Cortes represents industrial Honduras—the manufacturing engine that emerged not from colonial heritage but from geographic opportunity. San Pedro Sula, the departmental capital, sits in the Sula Valley where flat terrain, Caribbean port access, and proximity to US markets created conditions for export-oriented manufacturing that Tegucigalpa's mountain-locked position could never replicate.
The department received 16.5% of Honduras's remittances in 2024 ($1.47 billion), placing it second nationally despite housing the country's industrial core. This reflects the export orientation: value is created here but capital flows elsewhere. The maquila sector employs over 100,000 workers directly in Cortes, concentrated in industrial parks at Choloma, Villanueva, and Puerto Cortes. CAFTA-DR preferential access has made Honduras a nearshoring destination, with textile and apparel manufacturing forming the productive backbone.
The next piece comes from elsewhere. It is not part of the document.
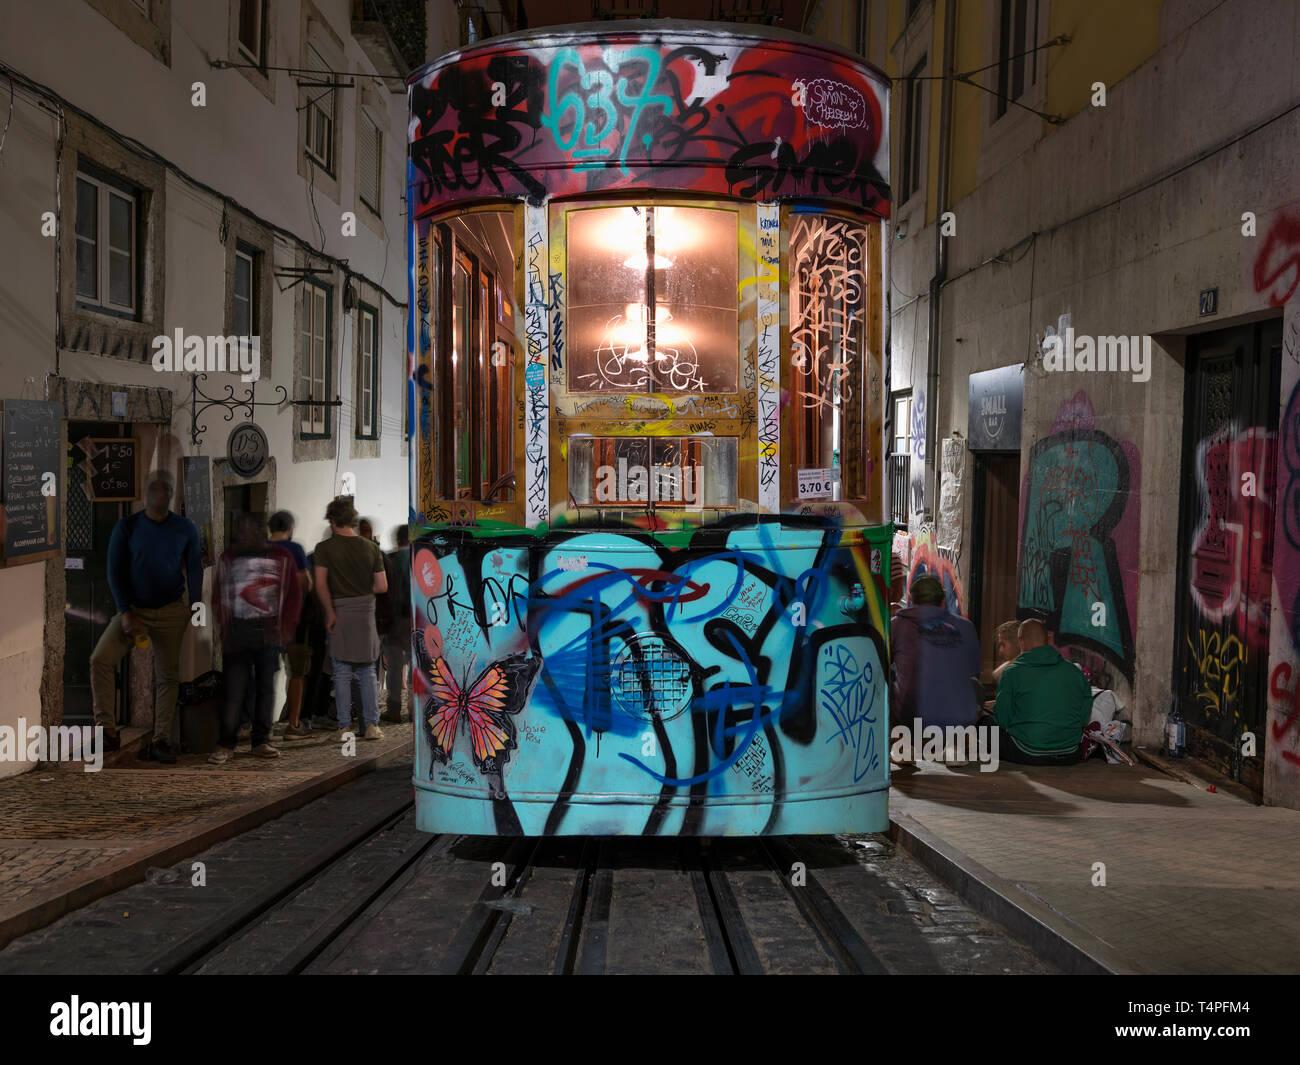 A graffitied cable car (Elevador da Bica) on Rua de Bica de Duarte Belo, Barrio Alto district. Veiw from Lagro Calhariz. Stock Photo

Yet industrial monoculture creates vulnerability. The sector lost 60,000 jobs across Honduras in 2024 due to tax reform uncertainty, with Cortes bearing disproportionate impact. Container shipping disruptions, US demand fluctuations, and labor cost competition from Bangladesh and Vietnam create external shocks that propagate through communities designed around factory schedules and income.
Puerto Cortes handles 70% of Honduras's maritime trade, making the department both the nation's economic oxygen supply and its single point of failure. By 2026, expect continued nearshoring investment driven by US-China decoupling, but watch for automation pressure that may reduce the labor intensity that currently distributes manufacturing income across working-class communities.